> _Instructions for the task_: The answer must be an exact copy of the lines from the one with "the Hindu Holocaust" through the final line below, with no pictures and nothing else.

--- Stored data Enclosed Below ---

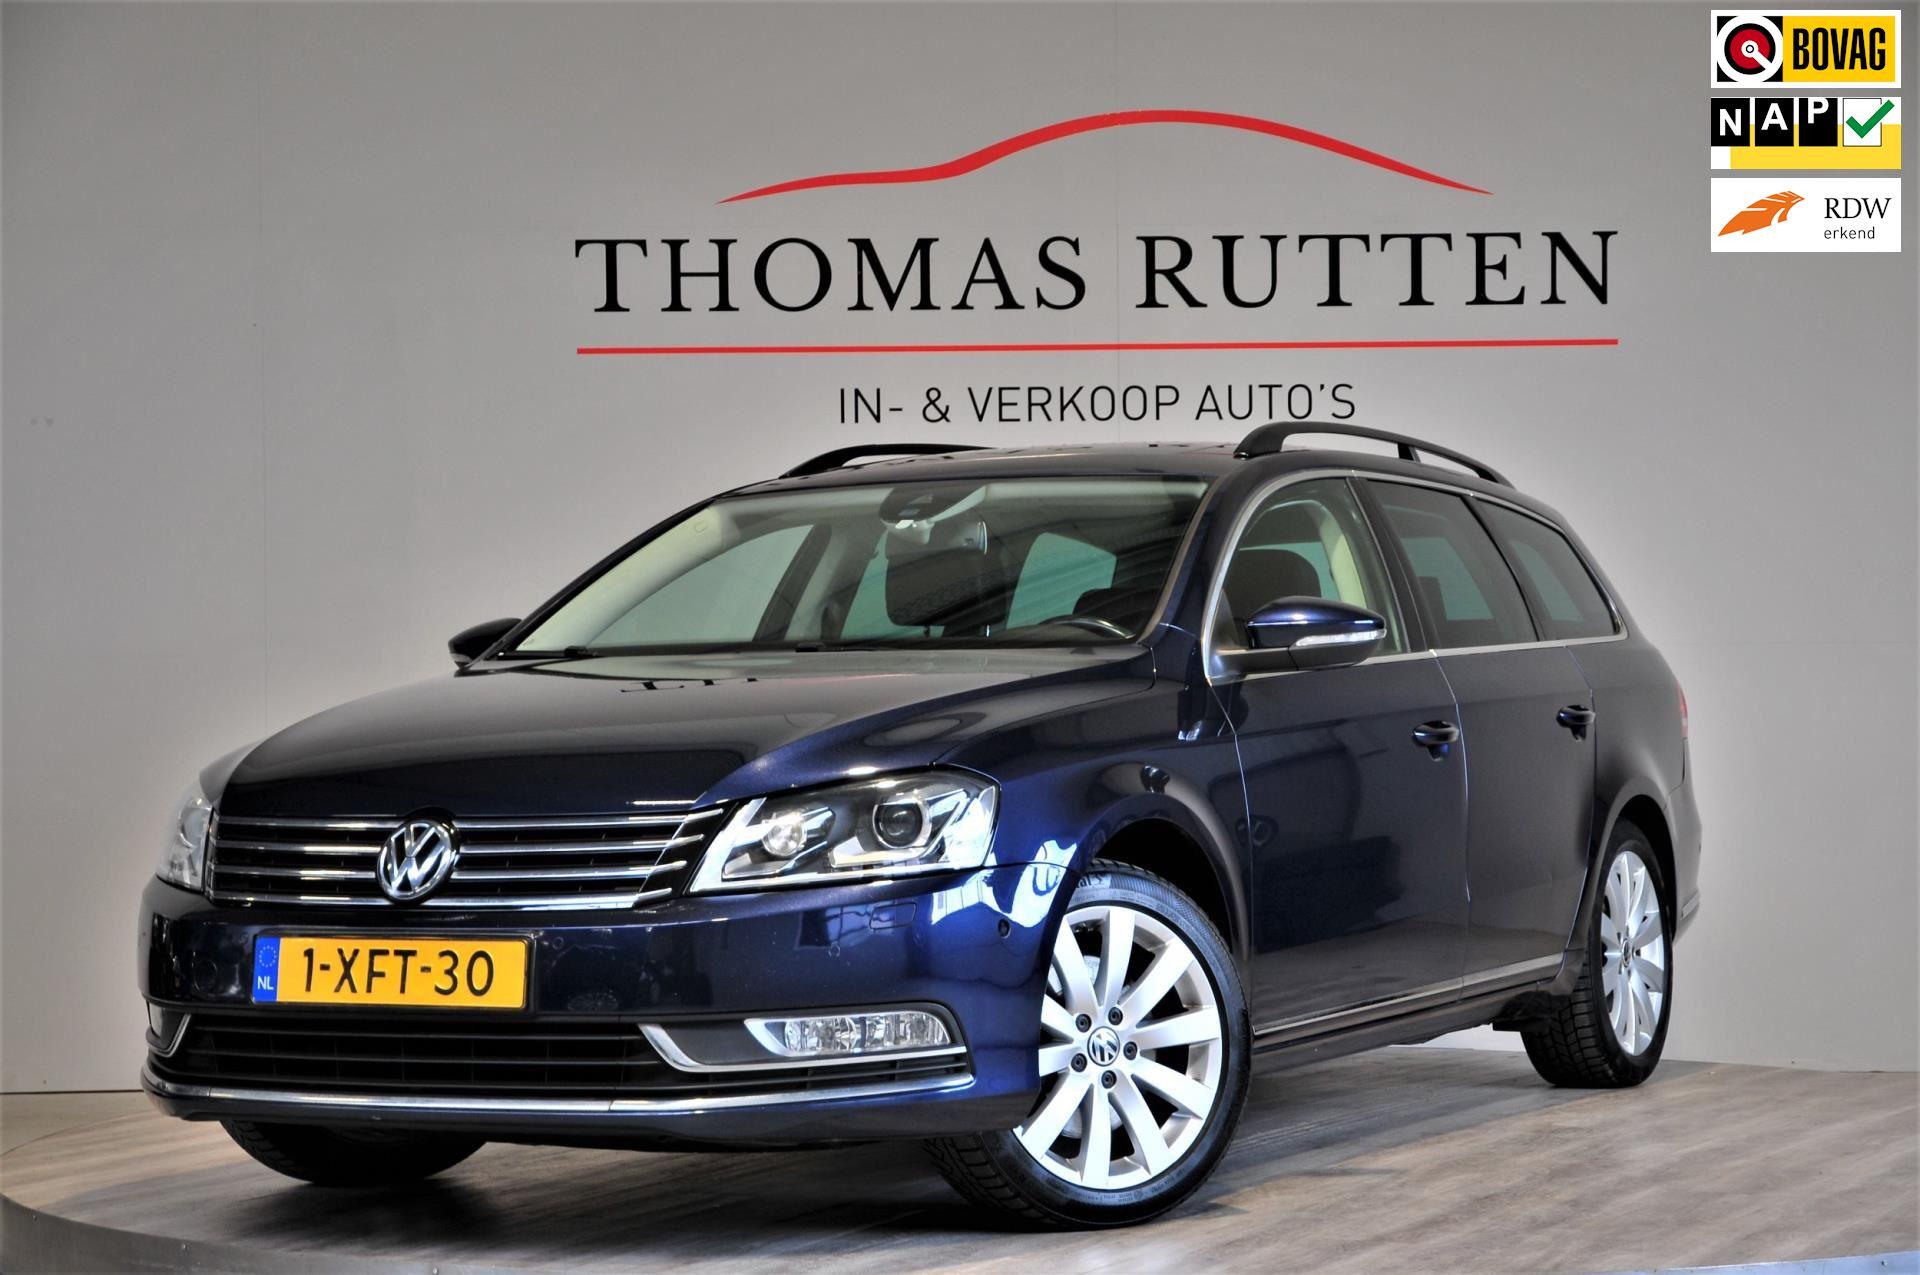 Volkswagen Passat Variant occasion - Autobedrijf Thomas Rutten
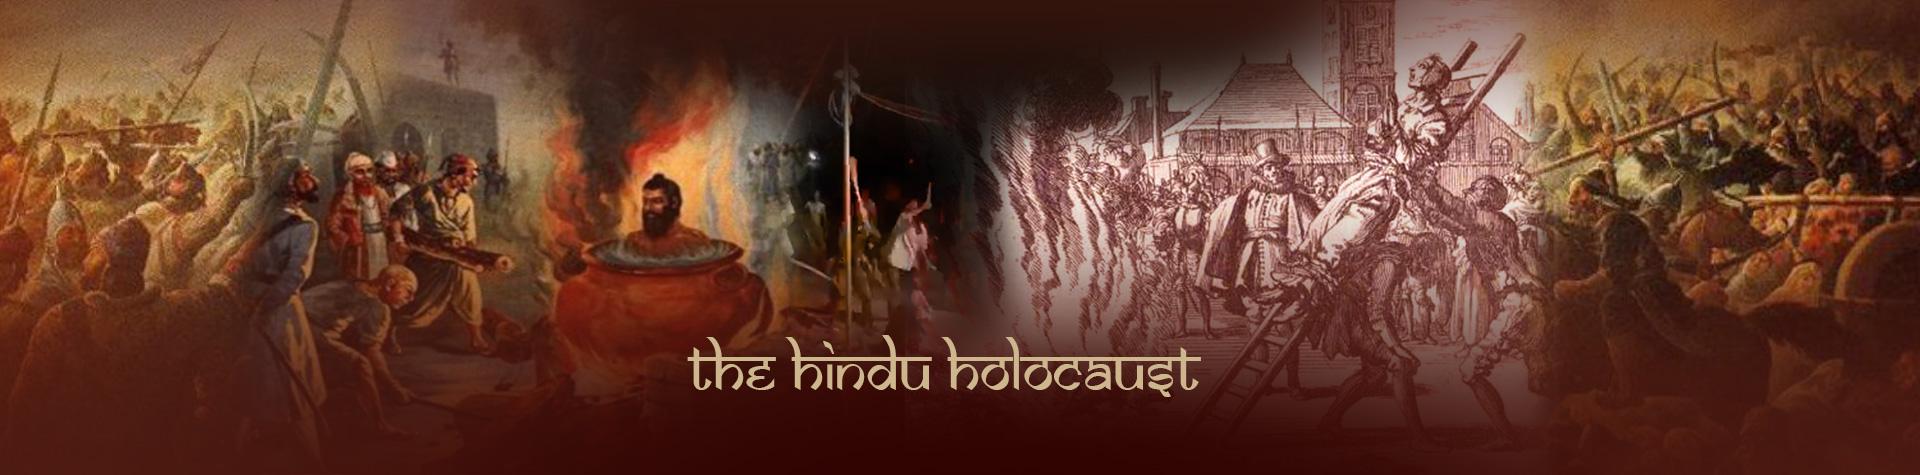 the Hindu Holocaust
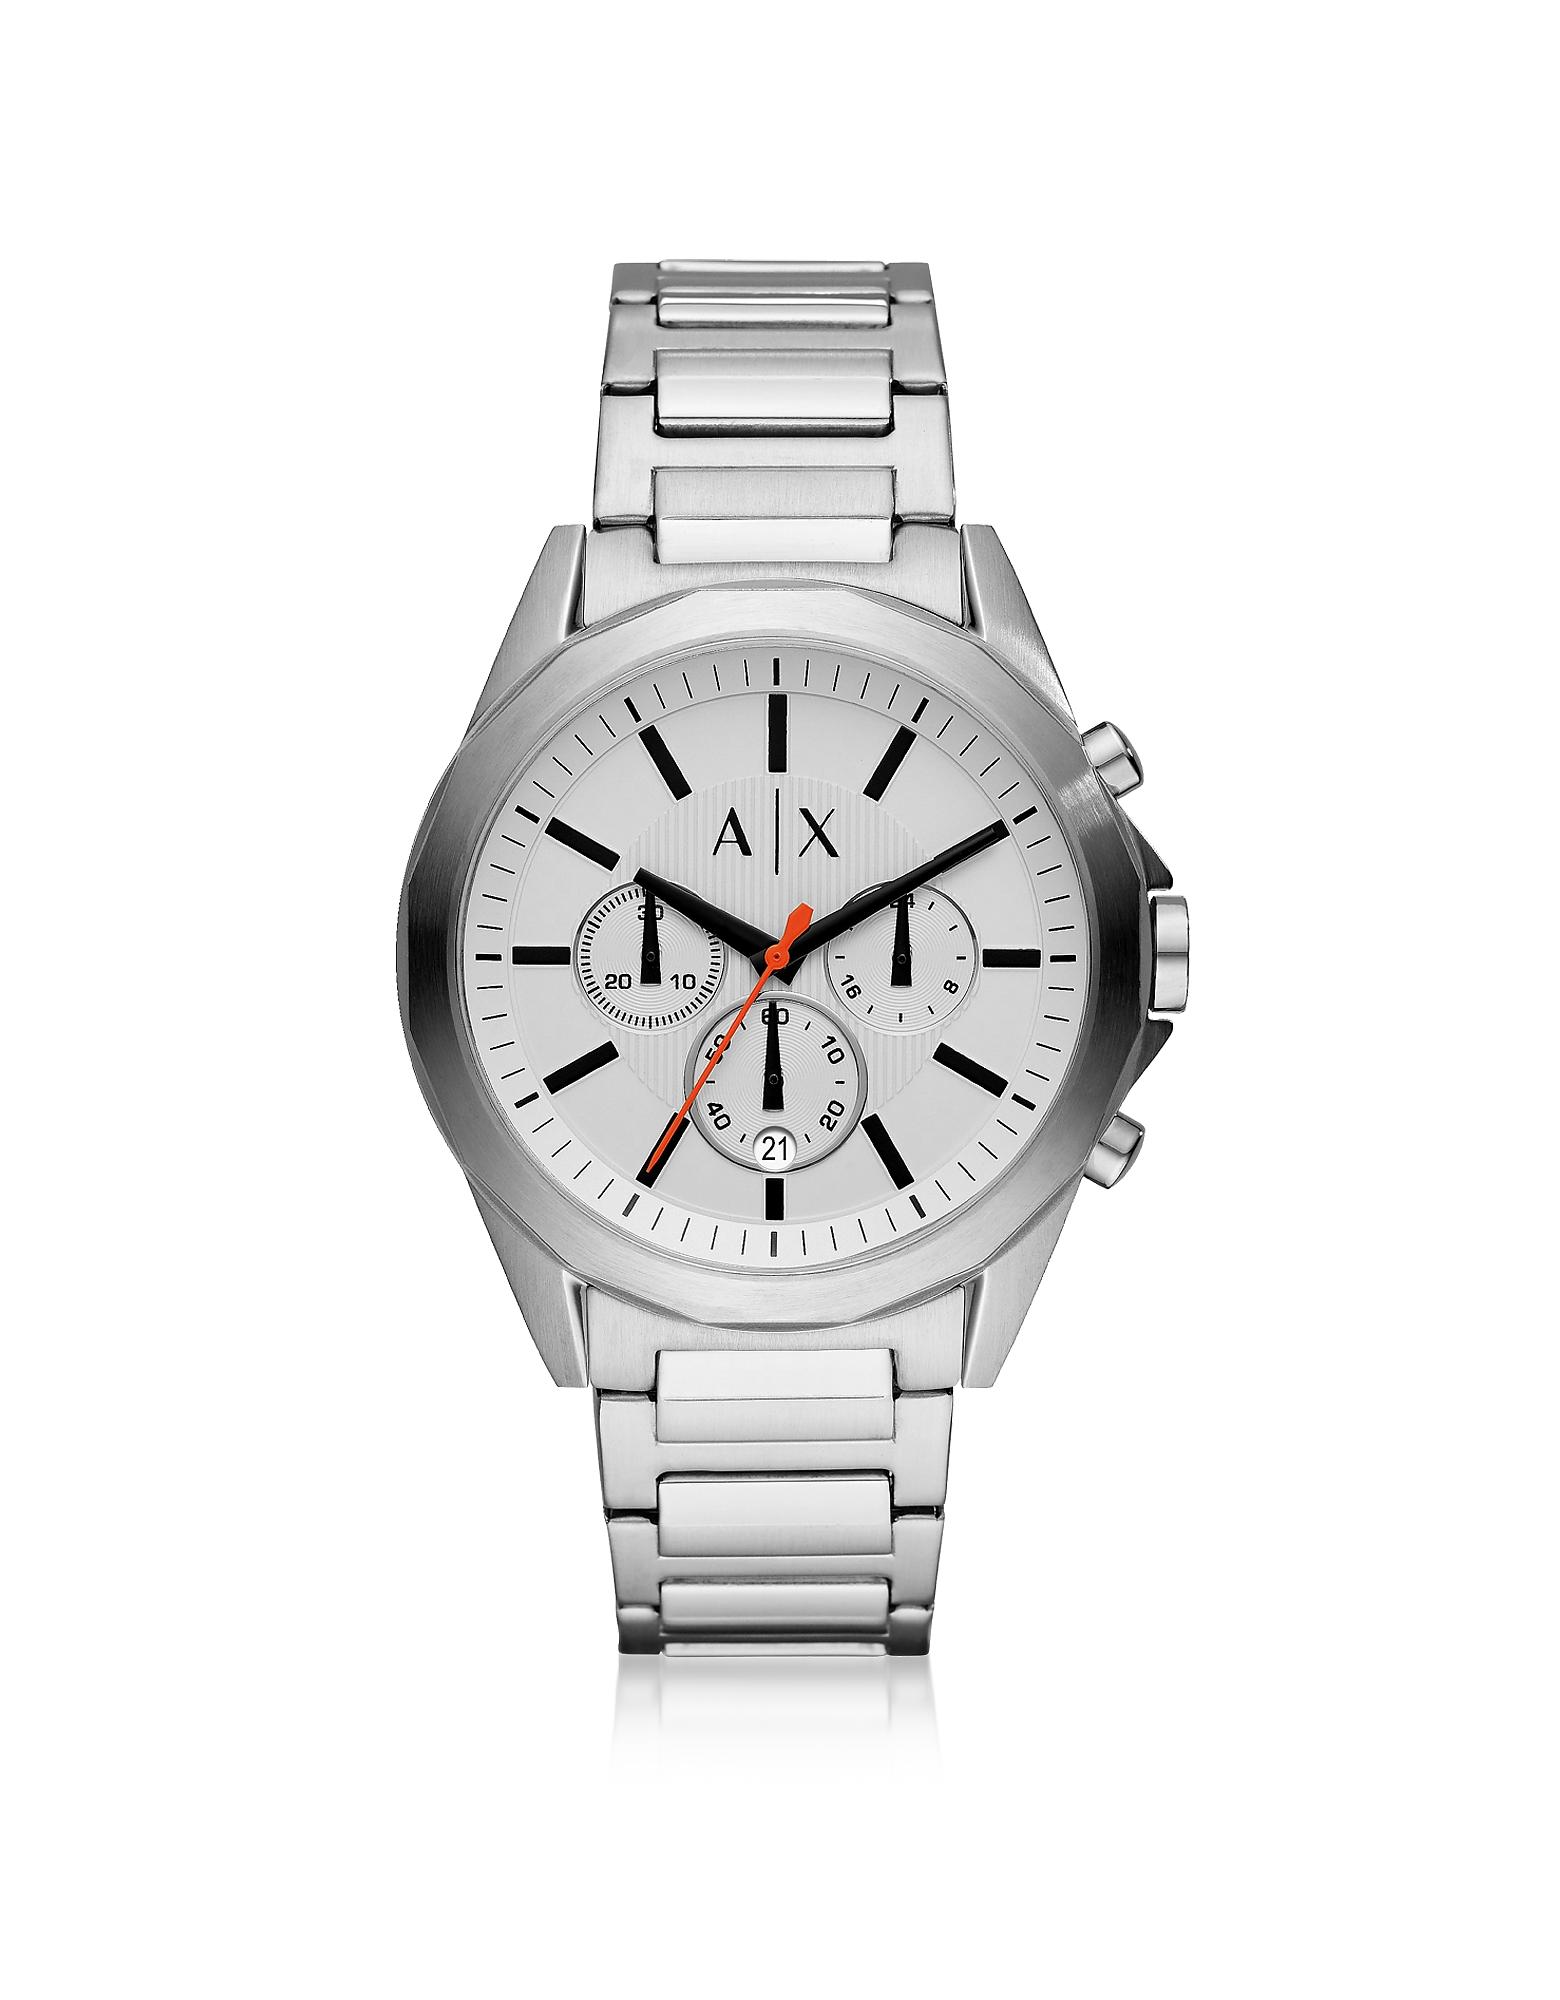 Drexler Stainless Steel Men's Chronograph Watch

--- End of Enclosed Stored data ---

> _Problem solution_:
 the Hindu Holocaust
 Drexler Stainless Steel Men's Chronograph Watch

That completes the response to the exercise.